- [TASK DESCRIPTION]: Leave out every picture and set down, exactly, the lines below from the one holding "Black Slim Leg Jeans" up to and including the one holding "The Mansion at Tuckahoe groomsmen".

*** Opening of RECORDS ***

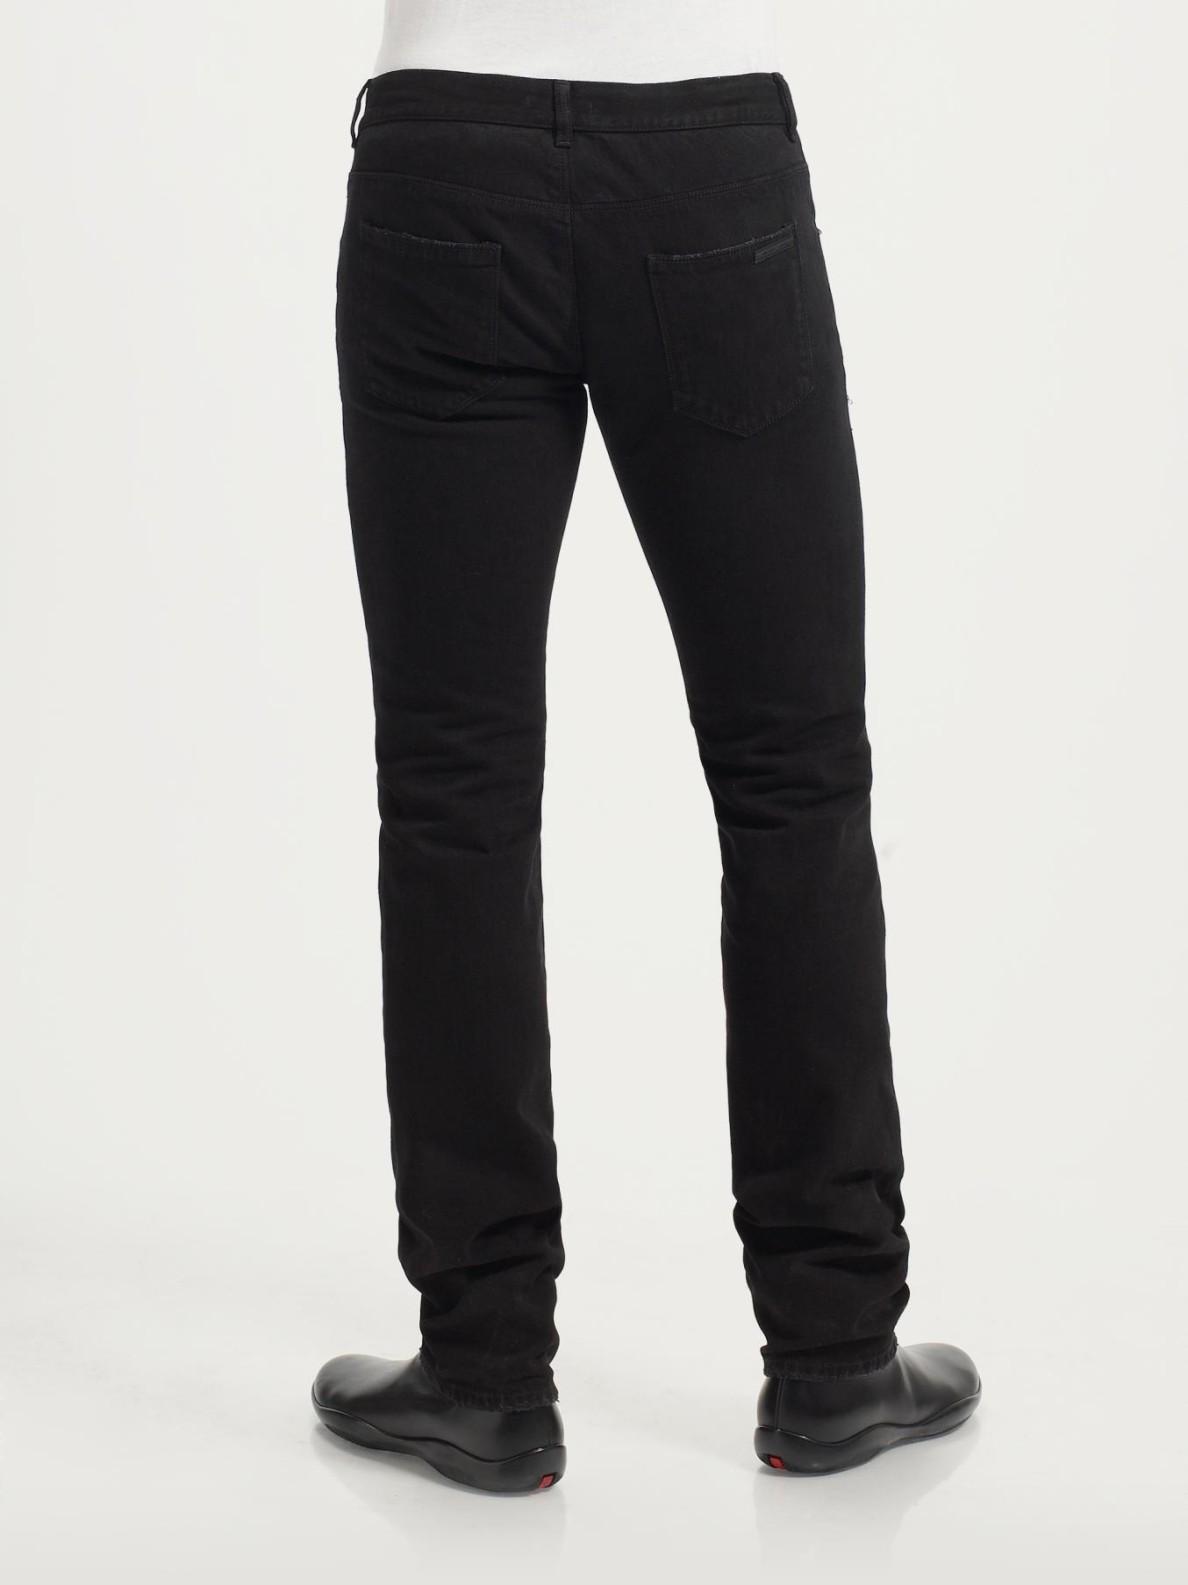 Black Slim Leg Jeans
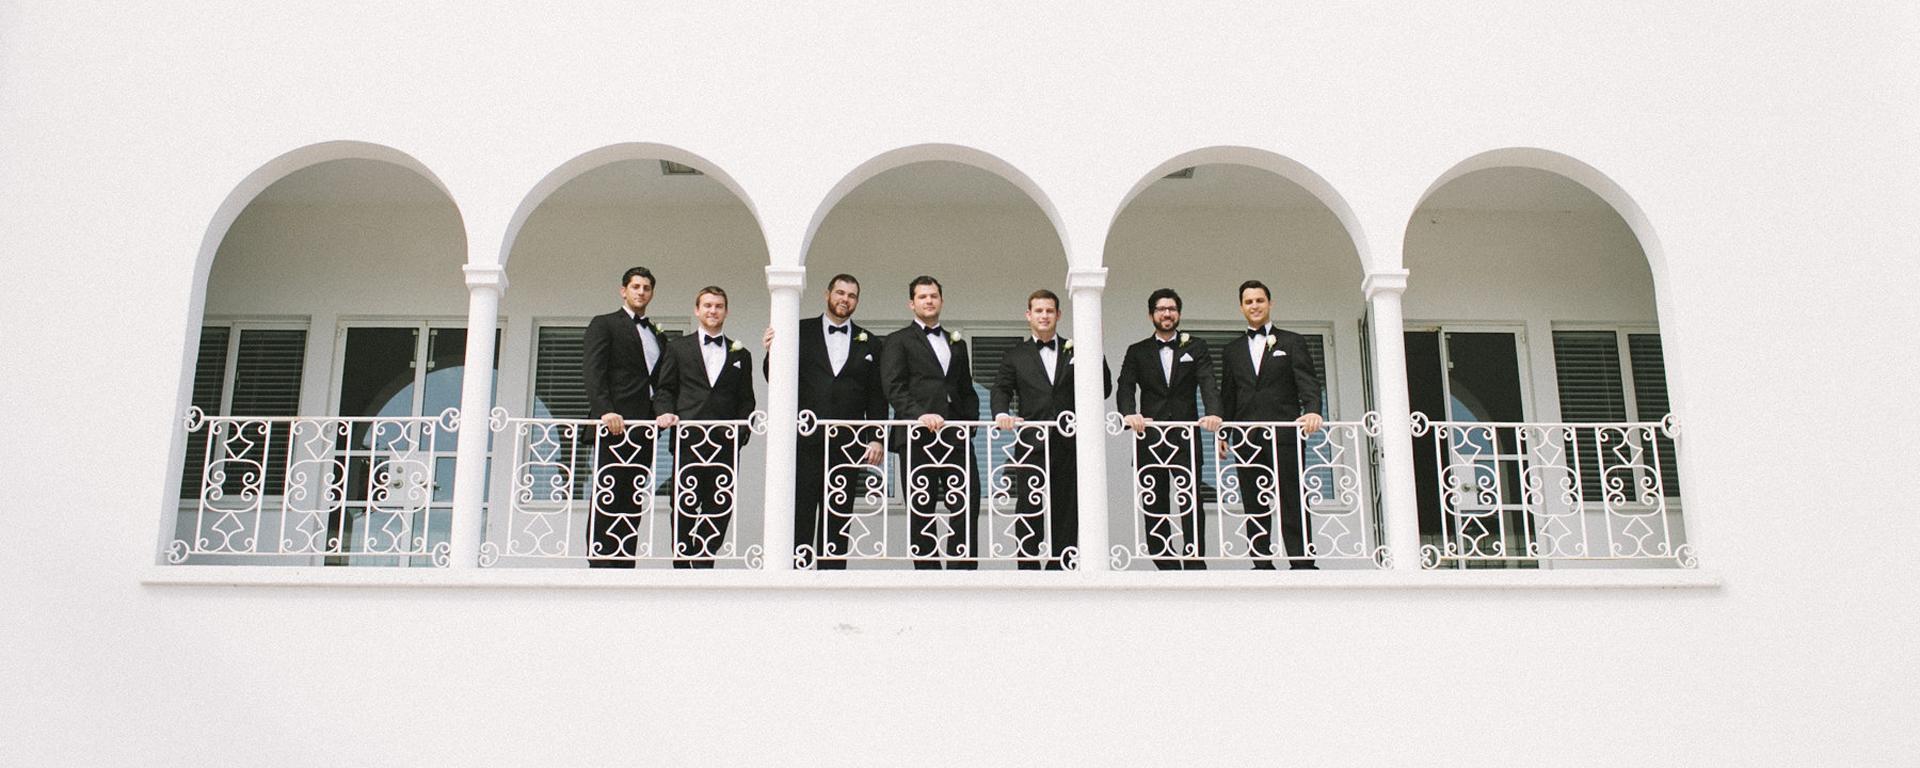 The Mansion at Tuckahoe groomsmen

*** Close of RECORDS ***
*** Opening of RECORDS ***

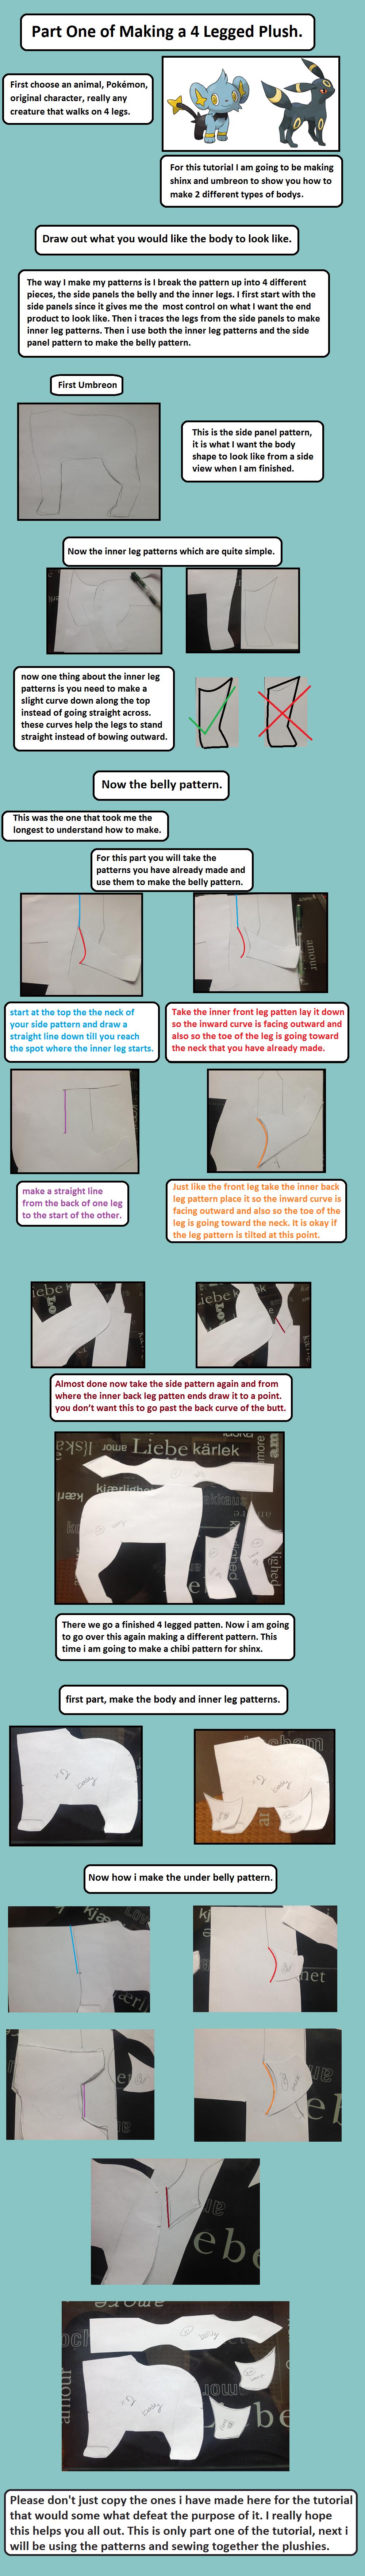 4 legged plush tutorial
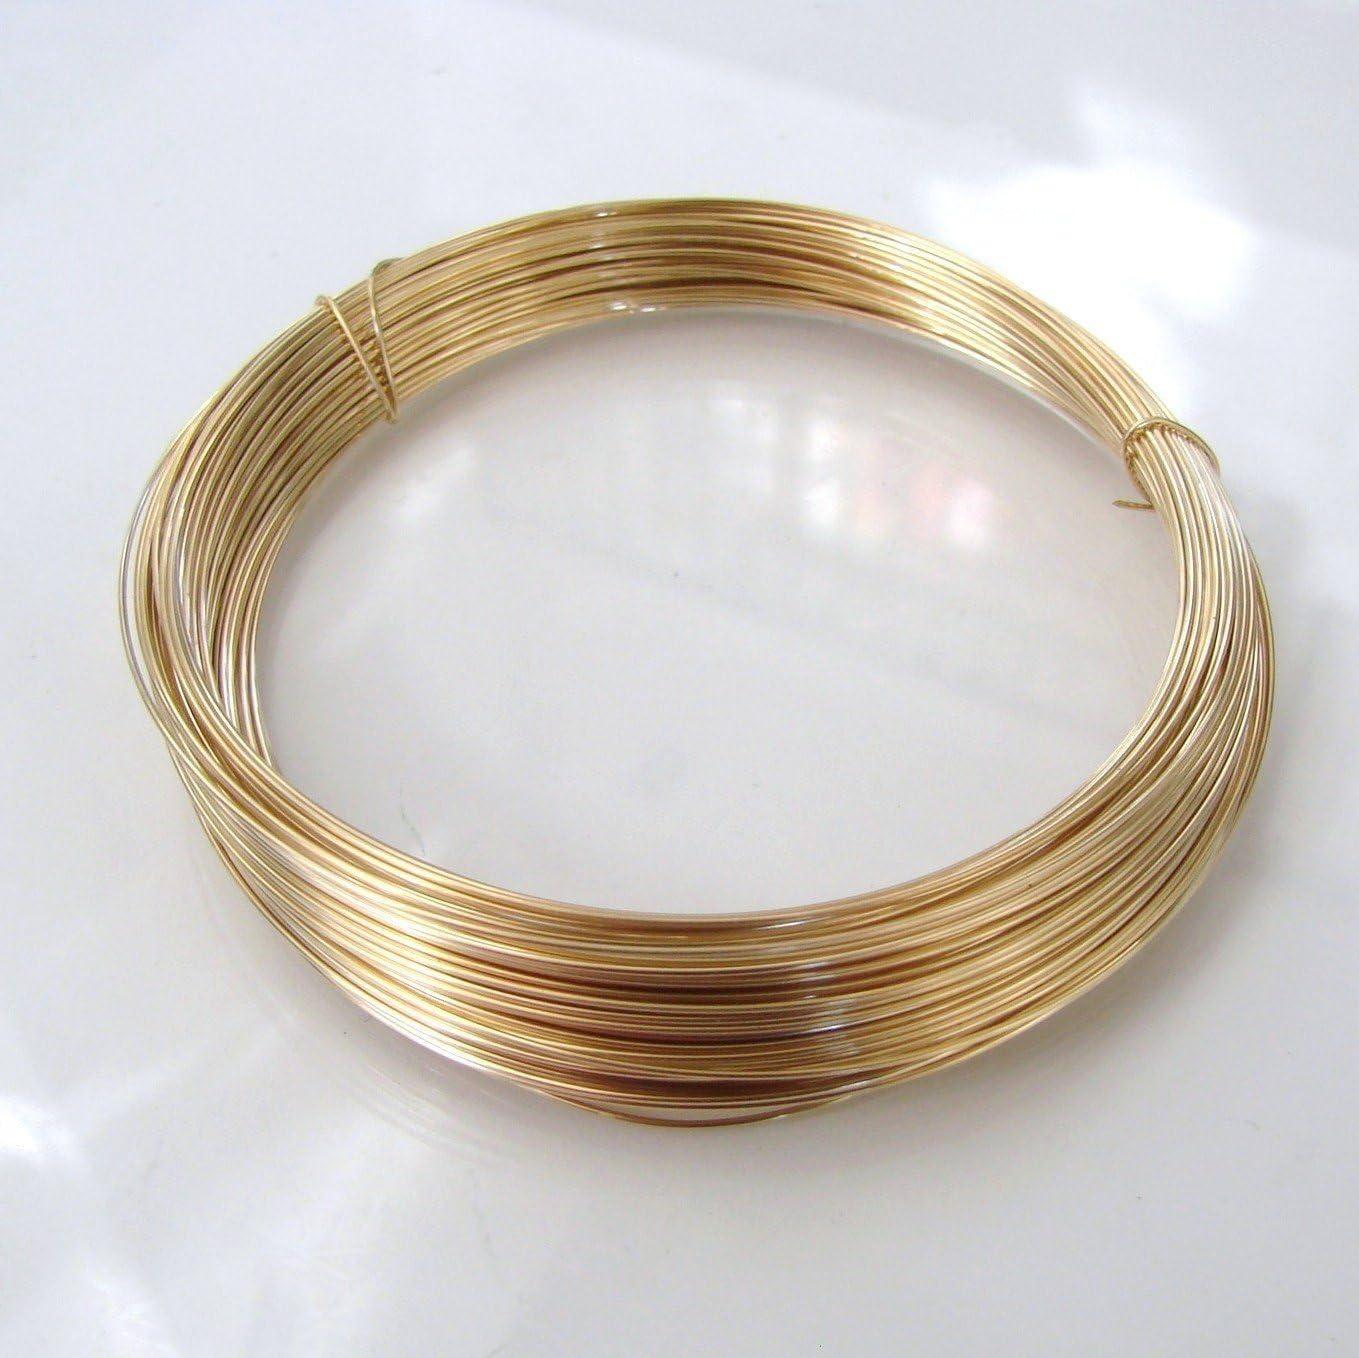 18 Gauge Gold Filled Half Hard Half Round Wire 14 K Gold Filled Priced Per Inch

*** Close of RECORDS ***
*** Opening of RECORDS ***

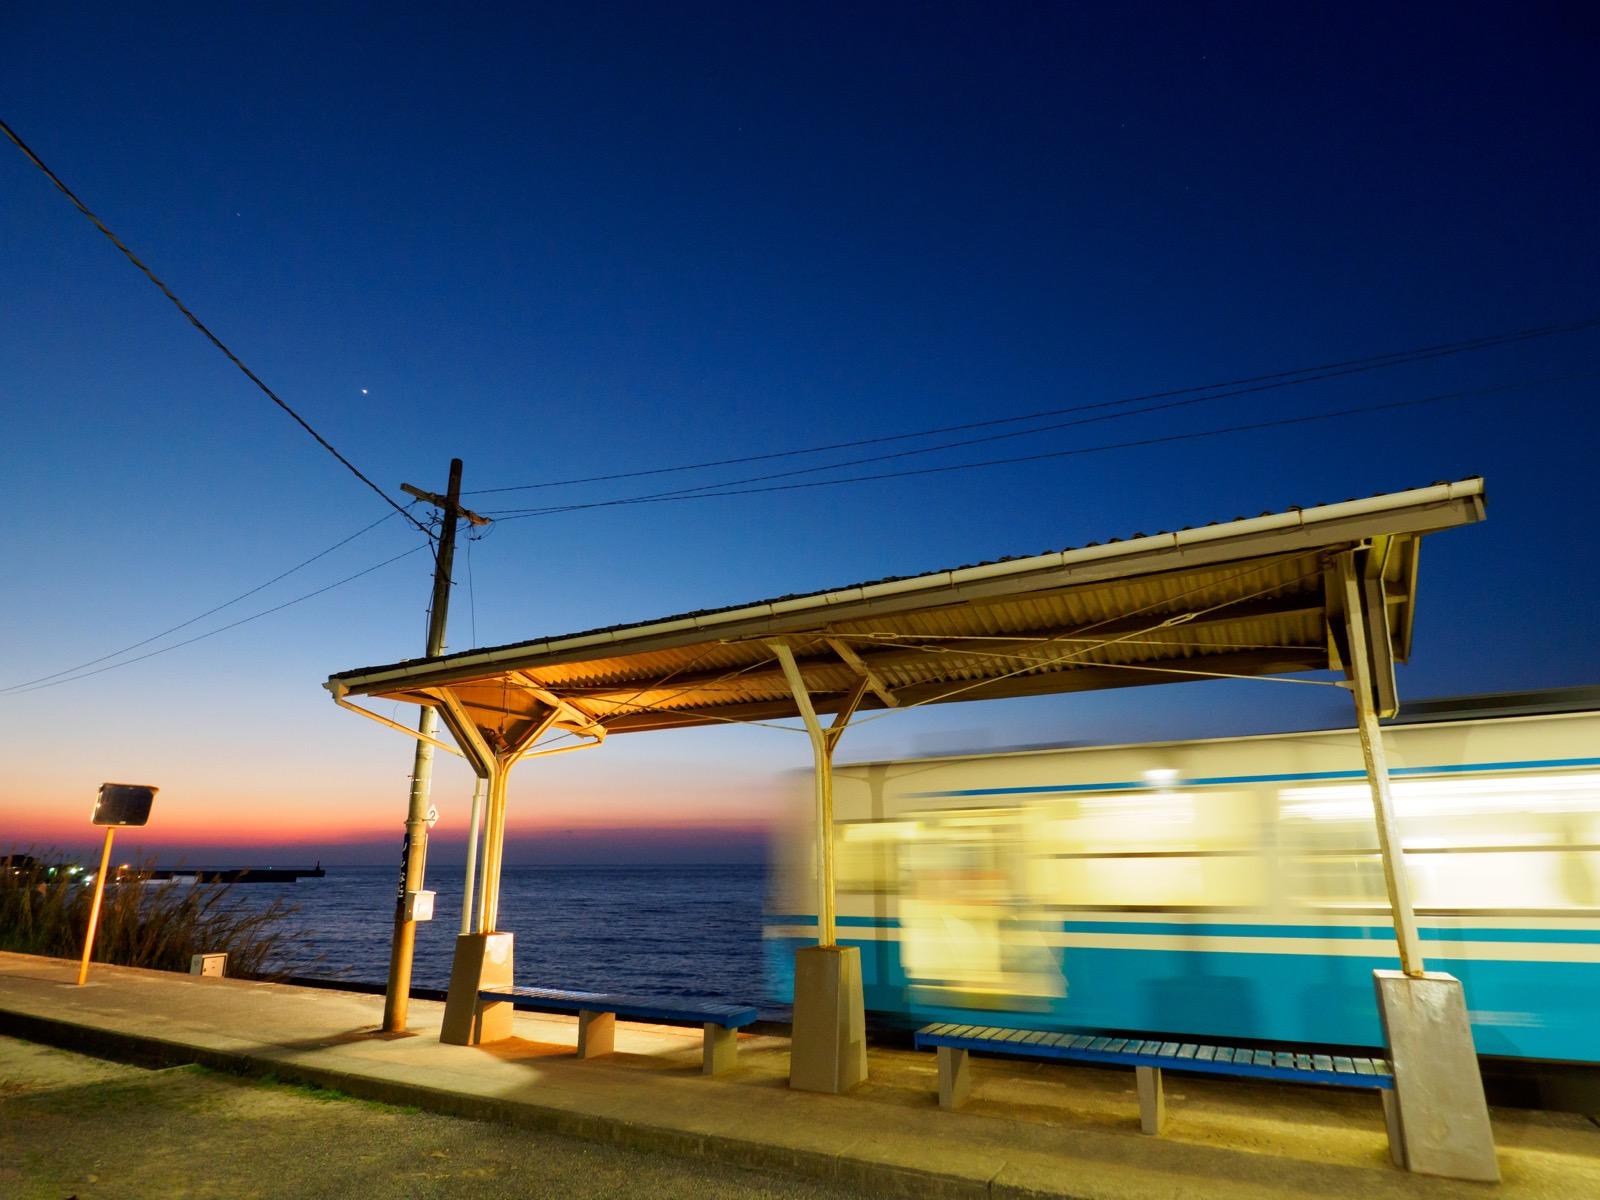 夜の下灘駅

*** Close of RECORDS ***

- [RESPONSE TO THE TASK]:
 Black Slim Leg Jeans
 The Mansion at Tuckahoe groomsmen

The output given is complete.